パイナップルの葉から作る繊維 東南アジアで量産体制へ

 スタートアップ企業のフードリボン(沖縄県大宜味村、宇田悦子社長)は24日、パイナップルの葉から繊維を抽出する機械の発表会を都内で行った。生産農家が廃棄していたパイナップルの葉やバナナの茎から作り出した繊維を衣料品などに利用する。

 これまでもパイナップルの葉から繊維を抽出する機械はあったが、手作業に頼る工程が多く、手間暇がかかるため、普及しなかった。フードリボンは21年から研究を開始し、水圧によって繊維を抽出する方法を開発。機械も小型化して、農家に設置できるようにした。パイナップルは東南アジアの零細農家で作られている場合が多く、彼らの所得向上に寄与する。繊維を抽出した後の残りかすは家畜の肥料として利用する。

 まず国内でパイナップル生産の盛んな沖縄県に20台を設置し、繊維の生産を始める。その後、夏にかけてインドネシアに200台を設置して月産20トン、フィリピンに600台を設置して月産60トンの生産を目指す。
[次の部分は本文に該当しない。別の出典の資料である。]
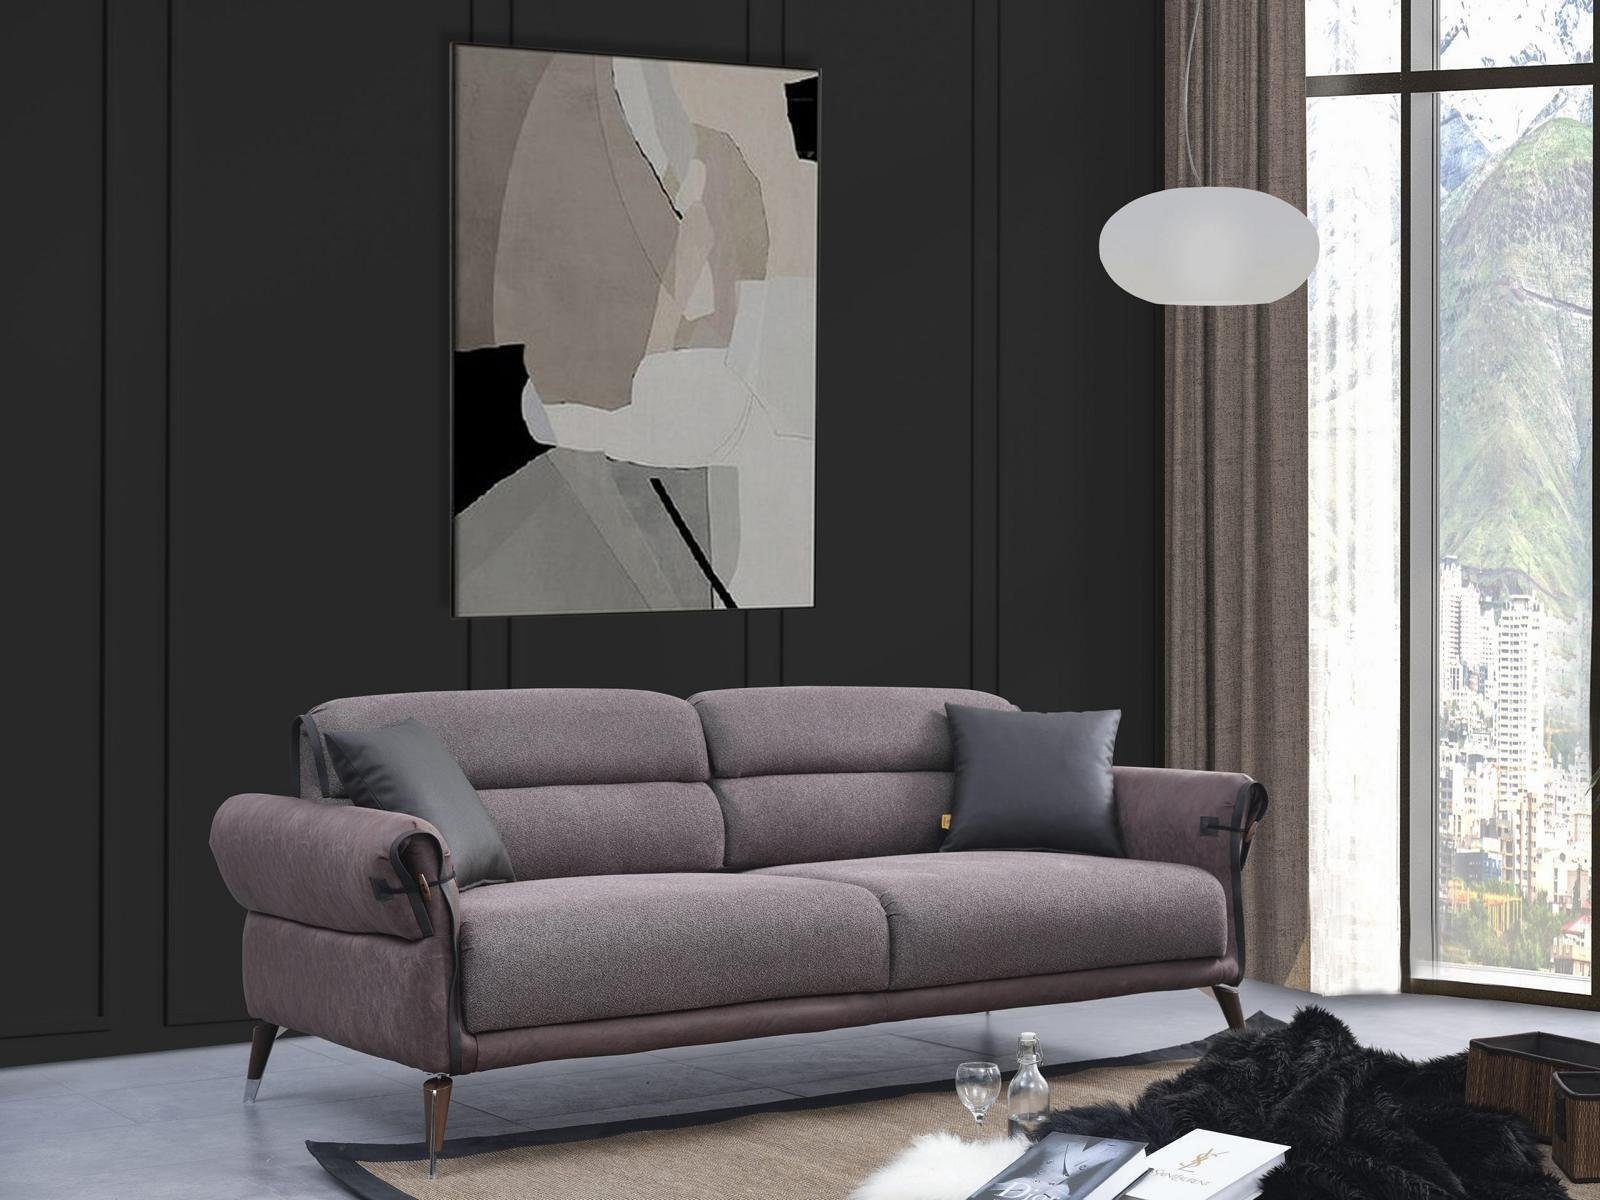 JVmoebel Sofa Wohnzimmer Sofa Couch Dreisitzer Luxus Polstermöbel Textil Möbel, 1 Teile, Made in Europa

台湾、中国、タイ、マレーシアなどでも設置を進める。

 発表会には経産省、ファーストリテイリング、TSIホールディングス、豊島、ゴールドウイン、伊藤忠商事、旭化成などの関係者約110人が集まり、関心の深さをうかがわせた。昨年フードリボンと業務提携を結んだTSIホールディングスの下地毅社長は「実際に抽出された繊維に触れ、品質の良さに驚いた。事業のポテンシャルは大きい」と話す。

 フードリボンの宇田社長は「パイナップルはグローバルサウス(途上国)で生産されている。捨てていた葉に価値を見出し、農家の所得向上につなげるとともに、循環型の社会を実現したい」と語った。